Question 15.10: Determine the deflection of the free end of the cantilever b...
Determine the deflection of the free end of the cantilever beam in Fig. 15.20 when subjected to the temperature gradients shown.
The temperature, t, at any section x of the beam is given by
t=\frac{x}{L} t_{0}
Thus, substituting for t in Eq. (15.43),
\Delta_{\mathrm{{Te.B}}}=-\int_{0}^{L}M_{1}\,{\frac{\alpha t}{h}}\,\mathrm{d}x (15.43)

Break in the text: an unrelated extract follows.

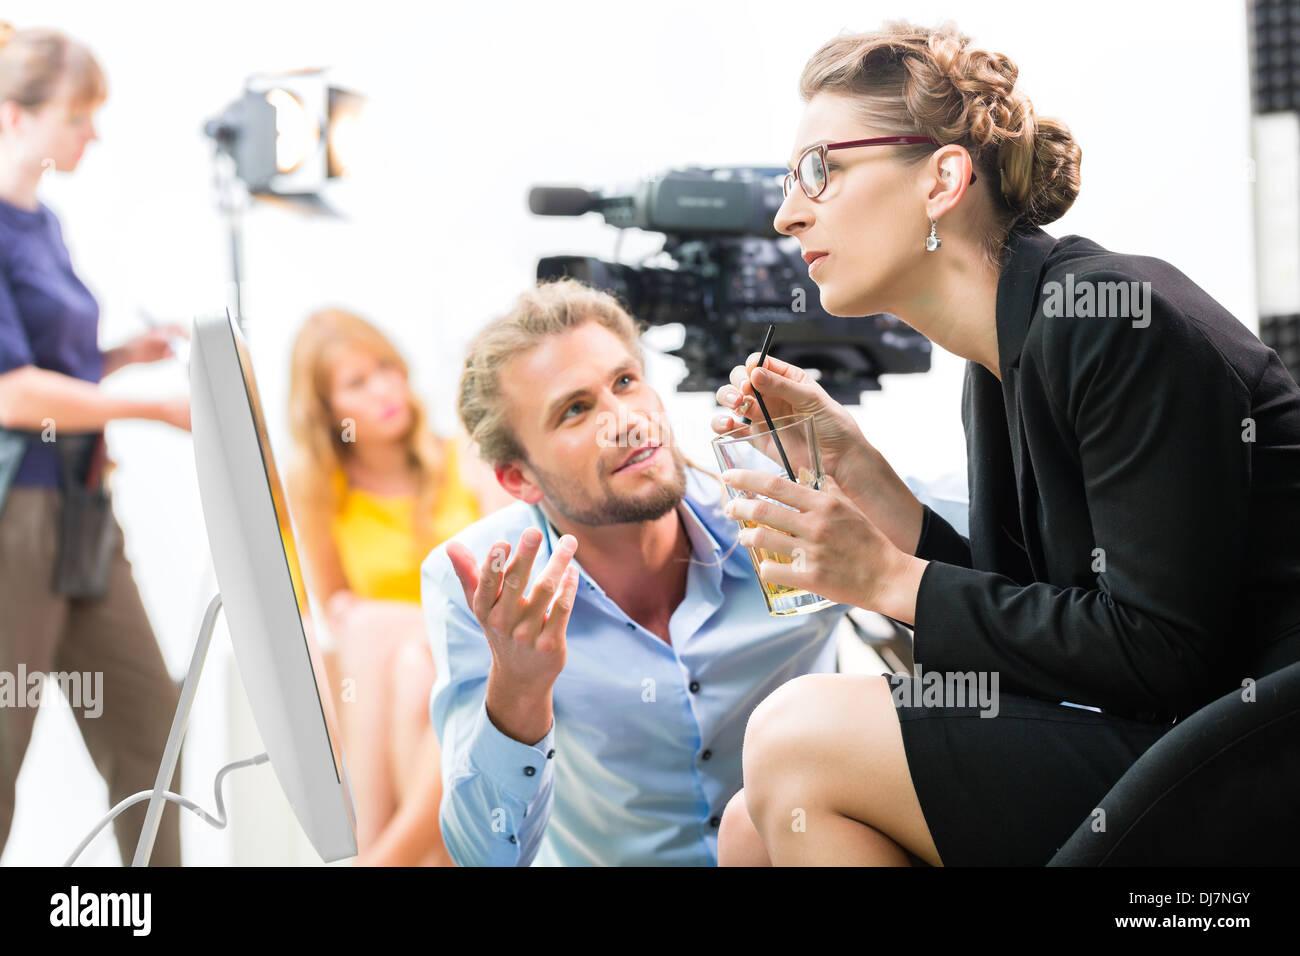 Team oder Direktor diskutieren während einer Pause Richtung Szene am Set eines kommerziellen Videoproduktion oder Reportage auf einen Bildschirm Stockbild

which applies since the variation of temperature through the depth of the beam is identical to that in Fig. 15.19(b), and noting that M_{1}=-1(L-x) we have
\Delta_{\mathrm{Te}, \mathrm{B}}=-\int_{0}^{L}[-1(L-x)] \frac{\alpha}{h} \frac{x}{L} t_{0} \mathrm{~d} x
which simplifies to
\Delta_{\mathrm{Te}, \mathrm{B}}=\frac{\alpha t_{0}}{h L} \int_{0}^{L}\left(L x-x^{2}\right) \mathrm{d} x
whence
\Delta_{\mathrm{Te}, \mathrm{B}}=\frac{\alpha t_{0} L^{2}}{6 h}